Если ж ты её проспишь, Так беды не избежишь». Тут конек из глаз сокрылся, За шатер Иван забился И давай дыру вертеть, Чтоб царевну подсмотреть. Ясный полдень наступает; Царь-девица подплывает, Входит с гуслями в шатёр И садится за прибор.
Так вот та Царь-девица! Как же в сказках говорится, — Рассуждает стремянной, — Что куда красна собой Царь-девица, так что диво! Эта вовсе не красива: И бледна-то, и тонка, Чай, в обхват-то три вершка; А ножонка-то, ножонка! Тьфу ты! Пусть полюбится кому, Я и даром не возьму». Тут царевна заиграла И столь сладко припевала, Что Иван, не зная как, Прикорнулся на кулак И под голос тихий, стройный Засыпает преспокойно. Запад тихо догорал. Вдруг конёк над ним заржал И, толкнув его копытом, Крикнул голосом сердитым: «Спи, любезный, до звезды!
Высыпай себе беды, Не меня ведь вздернут на кол! Если ж снова ты заснёшь, Головы уж не снесёшь». Тут конёк опять сокрылся; А Иван сбирать пустился Острых камней и гвоздей От разбитых кораблей Для того, чтоб уколоться, Если вновь ему вздремнётся. На другой день, поутру, К златошвейному шатру Царь-девица подплывает, Шлюпку на берег бросает, Входит с гуслями в шатёр И садится за прибор… Вот царевна заиграла И столь сладко припевала, Что Иванушке опять Захотелося поспать.
Тут в шатер Иван вбегает, Косу длинную хватает… «Ой, беги, конёк, беги! Горбунок мой, помоги! Ну, садись же поскорей Да держи ее плотней! Вот столицы достигает. Царь к царевне выбегает, За белы руки берёт, Во дворец ее ведёт И садит за стол дубовый И под занавес шелковый, В глазки с нежностью глядит, Сладки речи говорит: «Бесподобная девица, Согласися быть царица!
Я тебя едва узрел — Сильной страстью воскипел. Соколины твои очи Не дадут мне спать средь ночи И во время бела дня — Ох! Молви ласковое слово! Все для свадьбы уж готово; Завтра ж утром, светик мой, Обвенчаемся с тобой И начнем жить припевая». А царевна молодая, Ничего не говоря, Отвернулась от царя. Царь нисколько не сердился, Но сильней еще влюбился; На колен пред нею стал, Ручки нежно пожимал И балясы начал снова: «Молви ласковое слово!
Чем тебя я огорчил? Али тем, что полюбил? Позвать ко мне Ивана! Вот Иван к царю явился, Царь к нему оборотился И сказал ему: «Иван! Поезжай на окиян; В окияне том хранится Перстень, слышь ты, Царь-девицы. Коль достанешь мне его, Задарю тебя всего».
По пути, — Говорит ему царица, — Заезжай ты поклониться В изумрудный терем мой Да скажи моей родной: Дочь её узнать желает, Для чего она скрывает По три ночи, по три дня Лик свой ясный от меня? И зачем мой братец красный Завернулся в мрак ненастный И в туманной вышине Не пошлет луча ко мне? Не забудь же! Говорит ему царица: «Месяц — мать мне, солнце — брат» — «Да, смотри, в три дня назад!

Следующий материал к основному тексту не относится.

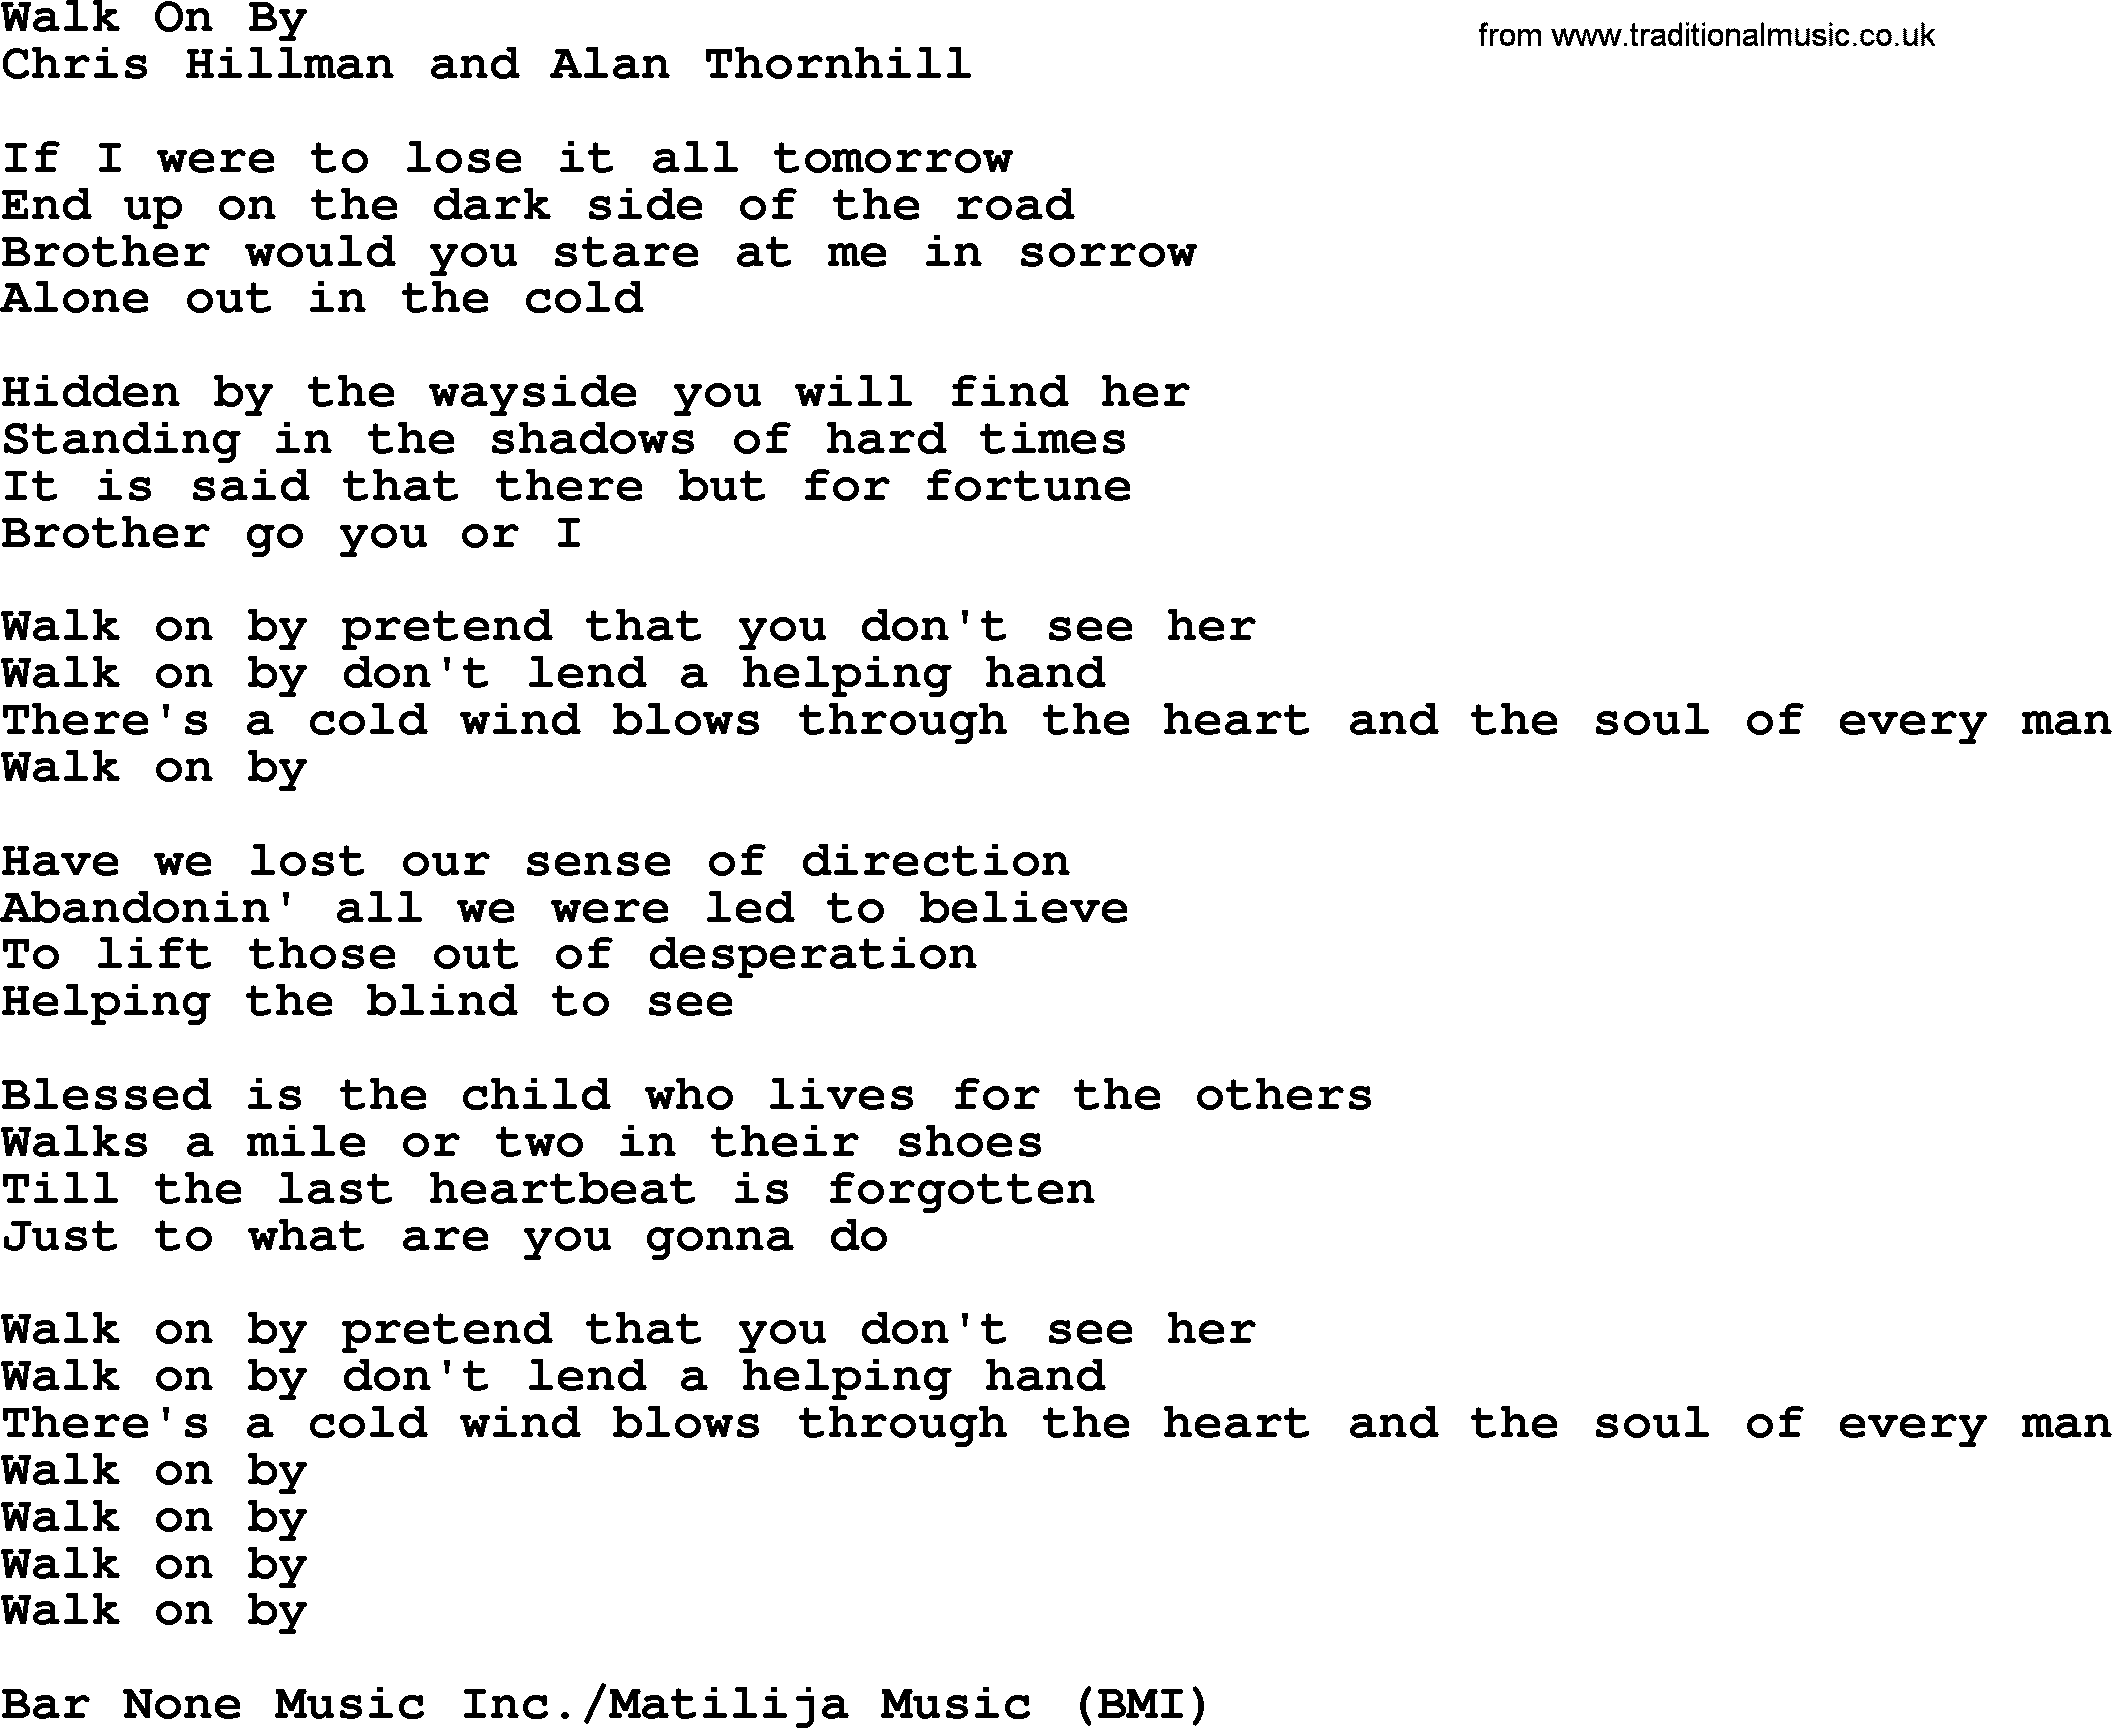 The Byrds song Walk On By, lyrics

Тут Иван царя оставил И пошел на сеновал, Где конёк его лежал. Видишь, вздумал царь жениться, Знашь, на тоненькой царице, Так и шлет на окиян, — Говорит коньку Иван. Да велела заезжать Эта тонкая царица Где-то в терем поклониться Солнцу, Месяцу, притом И спрошать кое об чём…» Тут конёк: «Сказать по дружбе, Это — службишка, не служба; Служба все, брат, впереди!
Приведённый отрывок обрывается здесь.